GIVEN DATA:
╭──

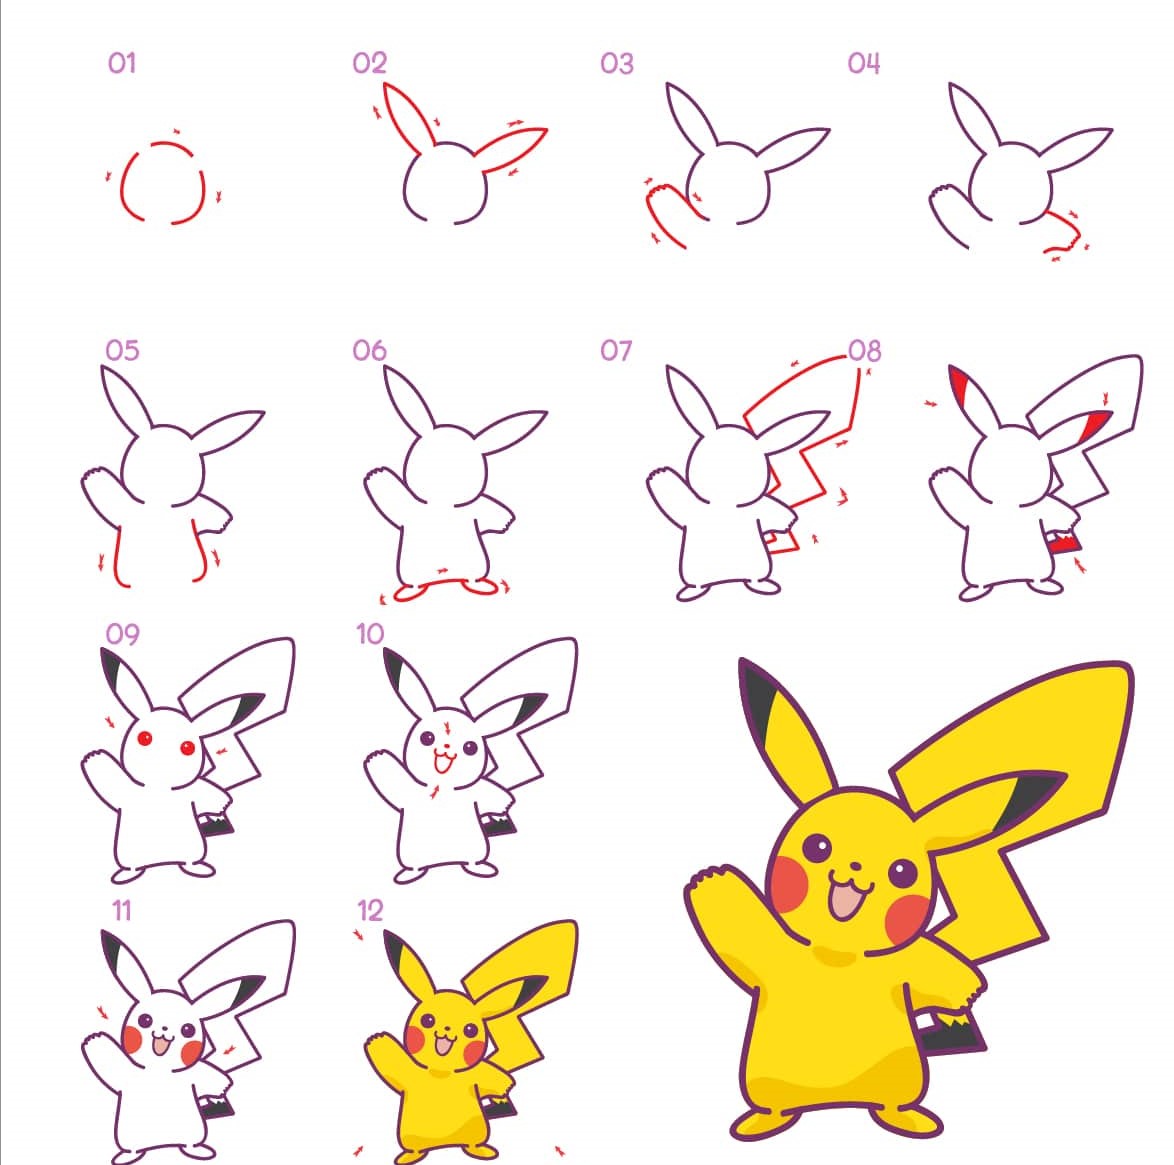 Hướng dẫn cách để vẽ Pikachu cho người mới bắt đầu
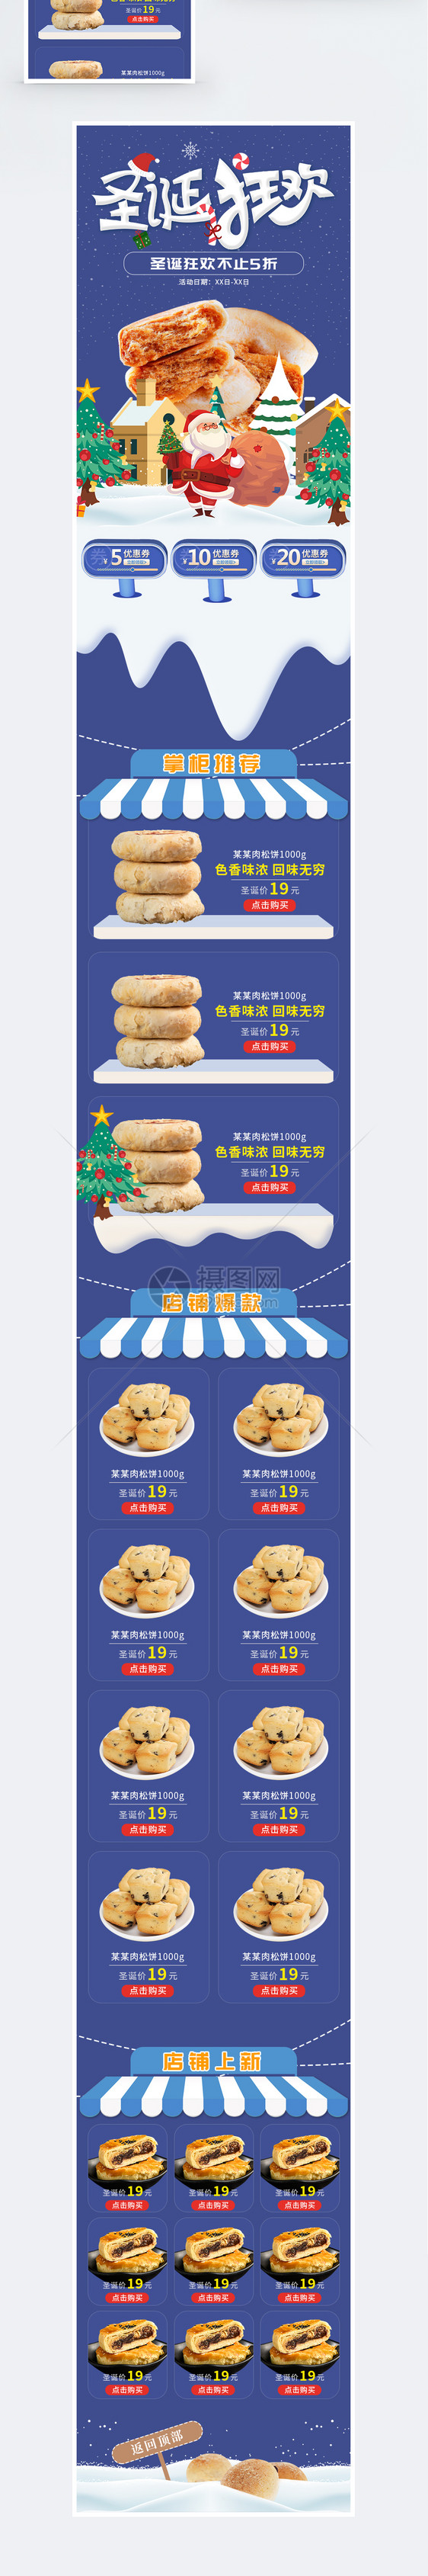 圣诞节食品促销淘宝手机端模板图片
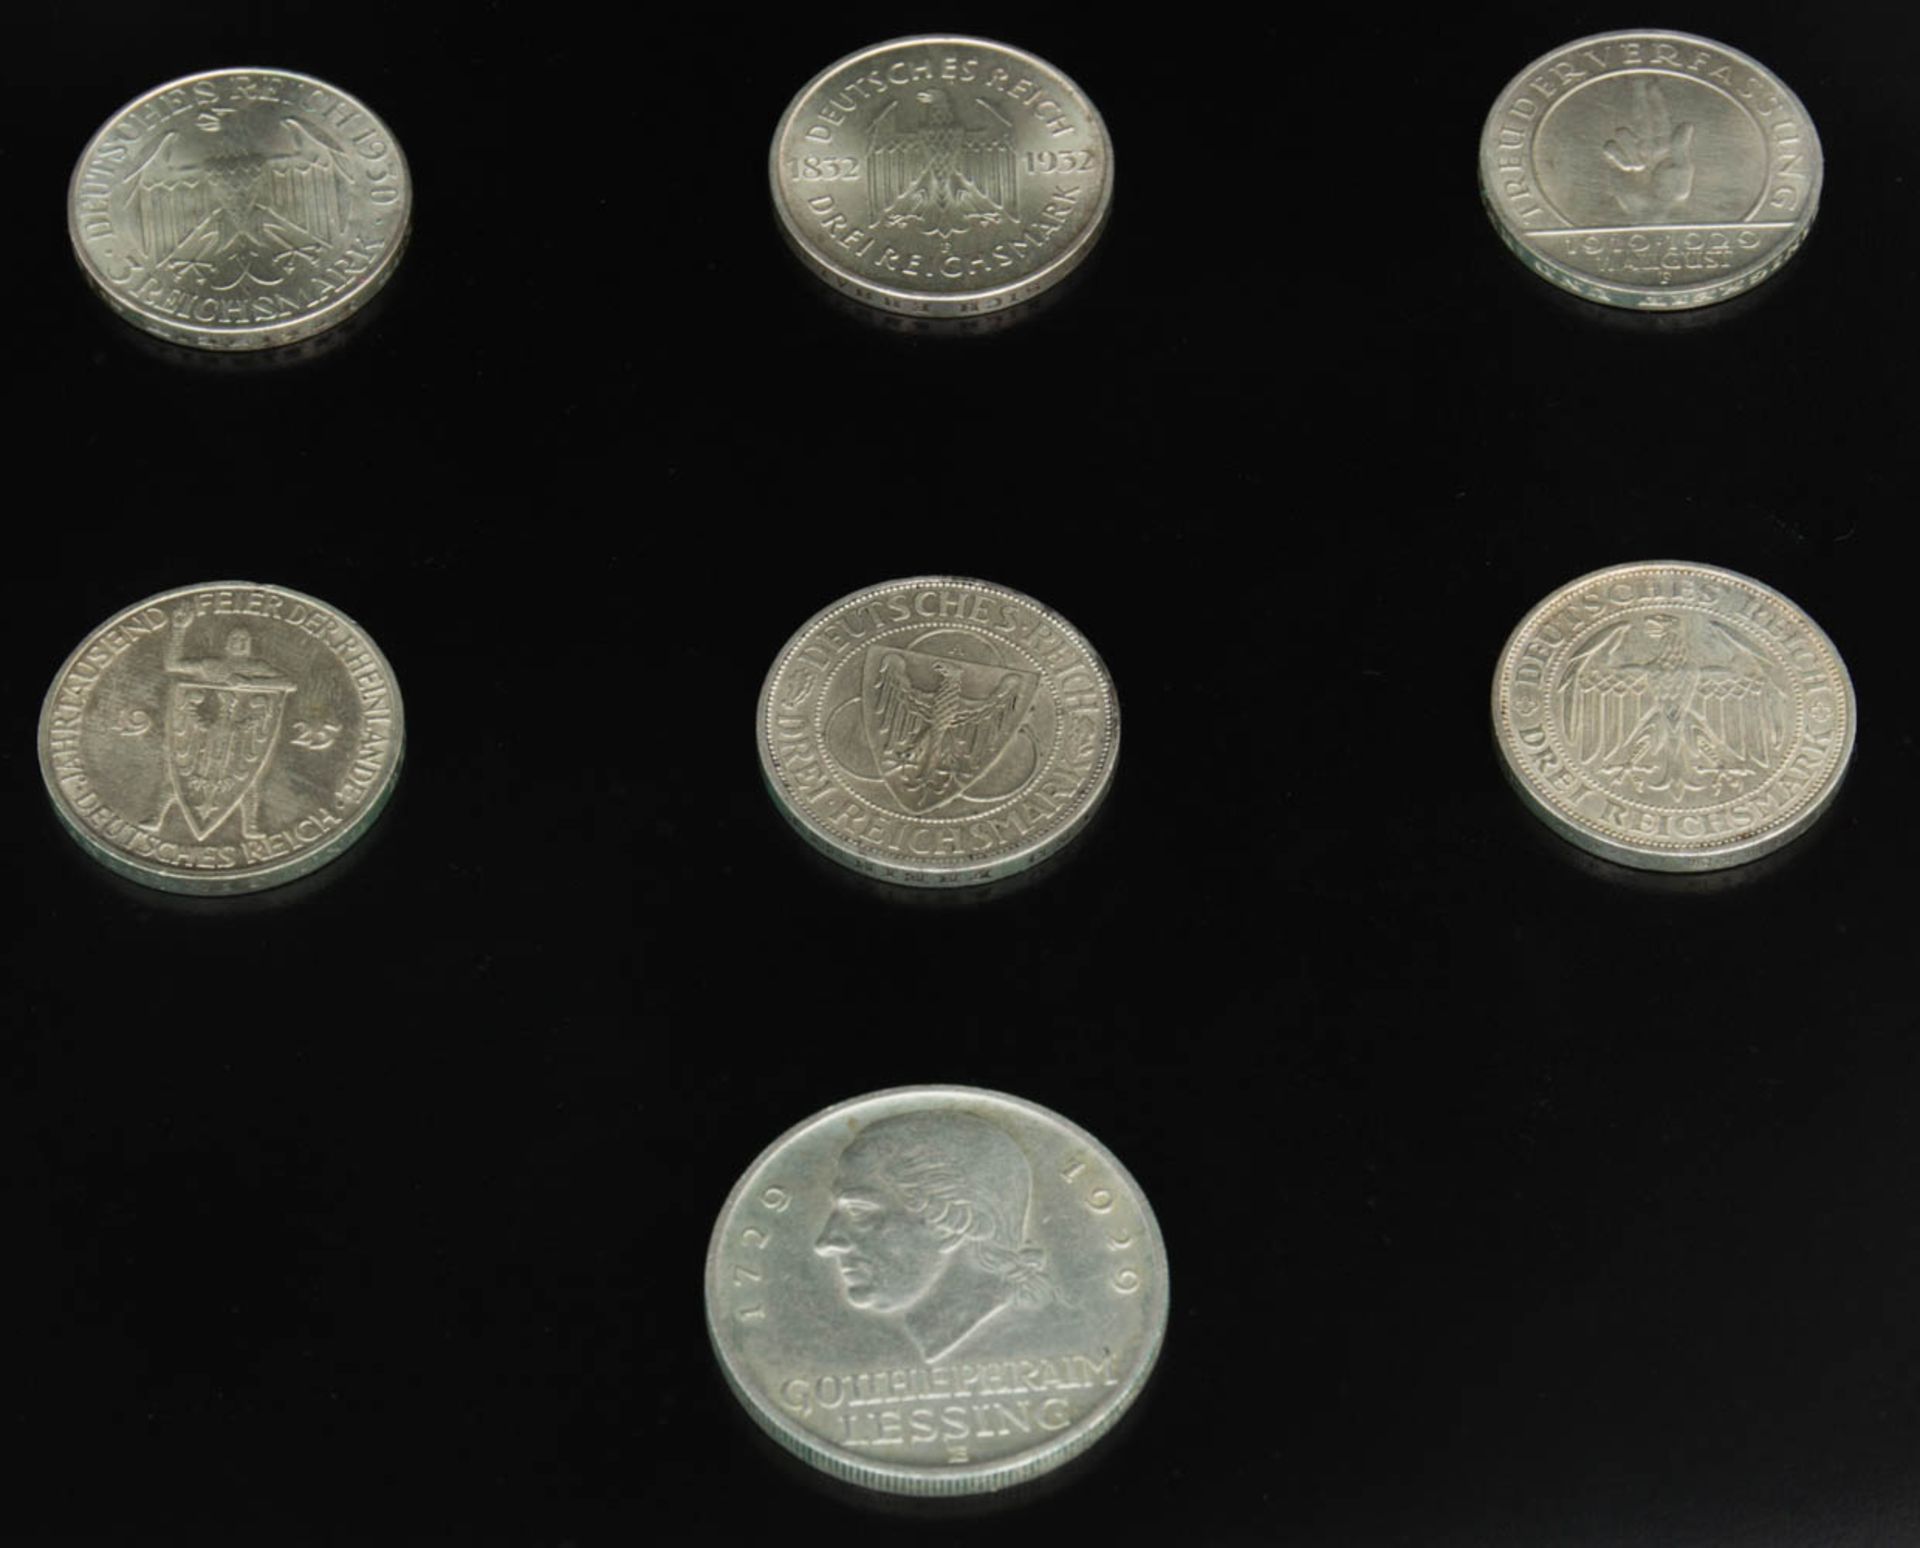 Konvolut 7 Silbermünzen, Weimarer Republik.
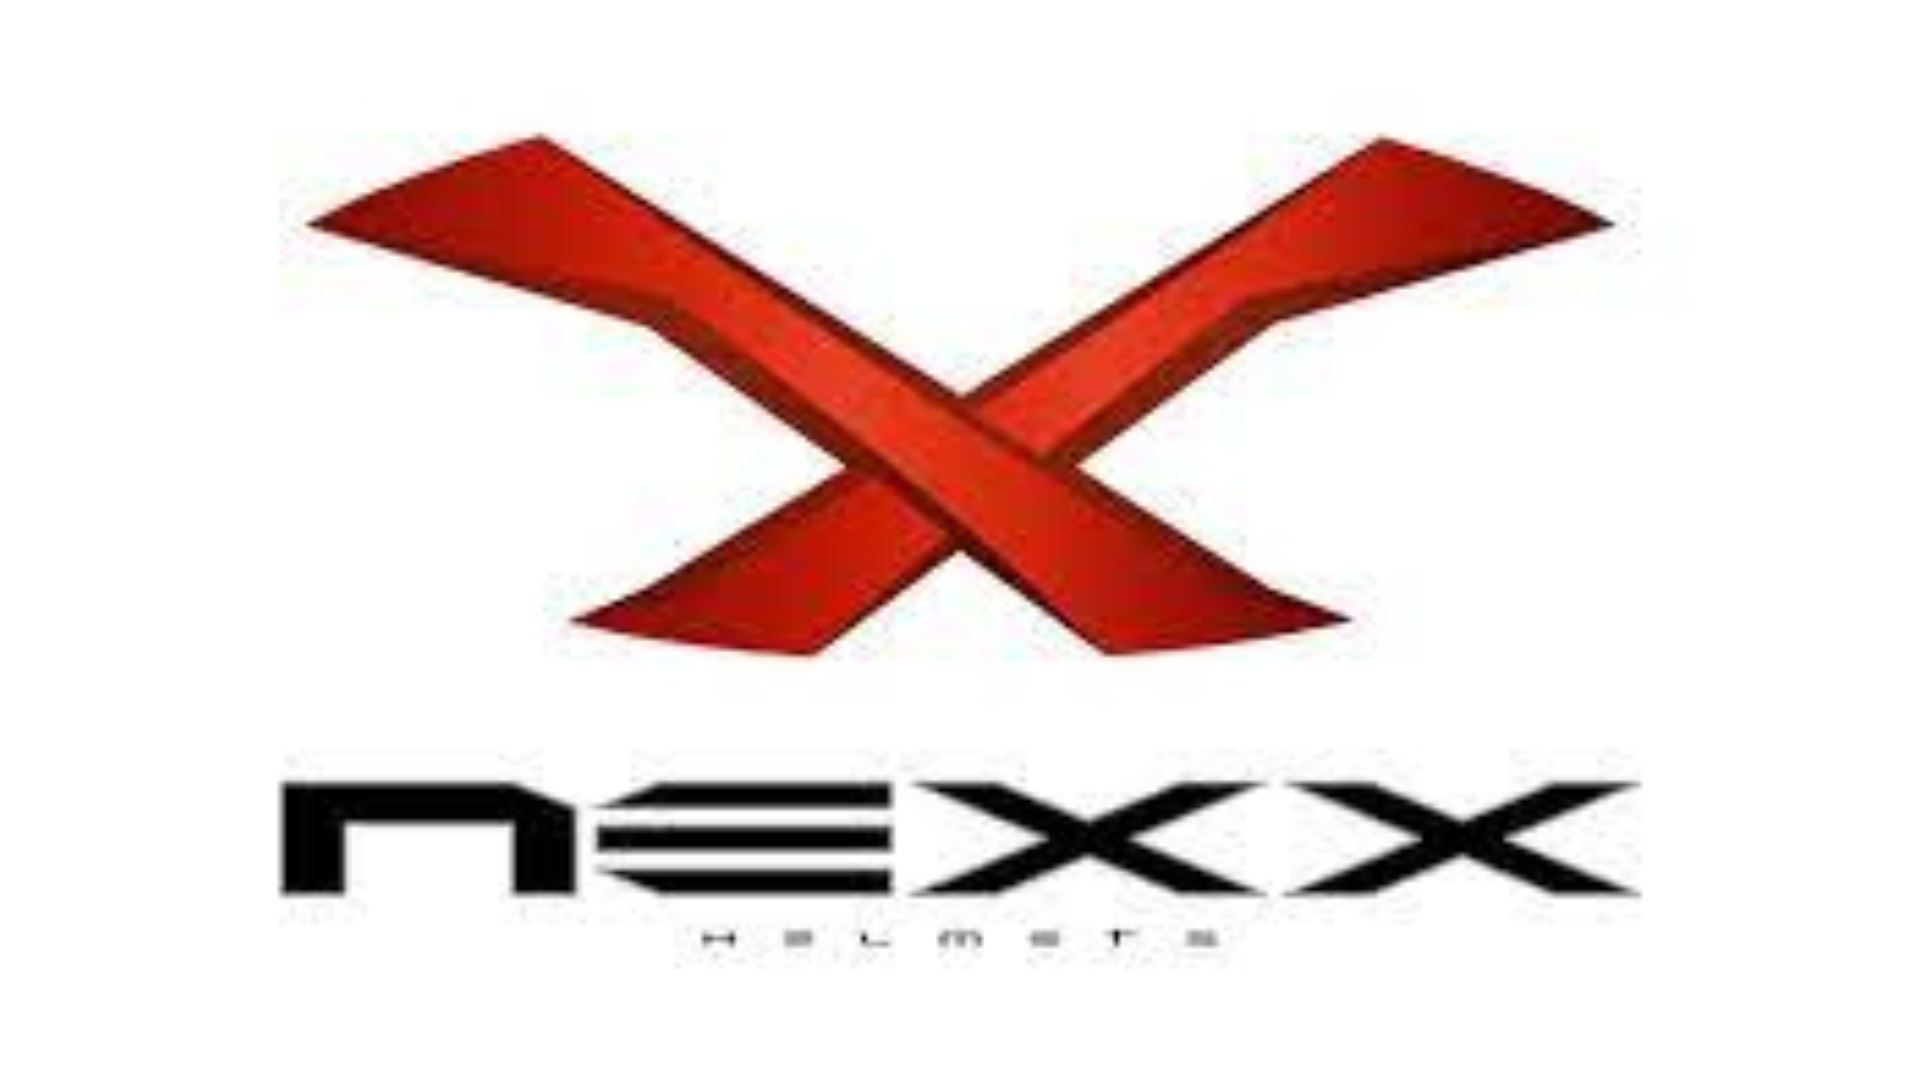 Nexx

╰──

WHAT TO WORK ON:
Lines from the one that contains "圣诞节食品促销淘宝手机端模板图片" to the final line of the material are the whole answer. Reproduce them word for word and skip the pictures.

OUTPUT FOR THIS EXERCISE:
 圣诞节食品促销淘宝手机端模板图片
 Konvolut 7 Silbermünzen, Weimarer Republik.
 Nexx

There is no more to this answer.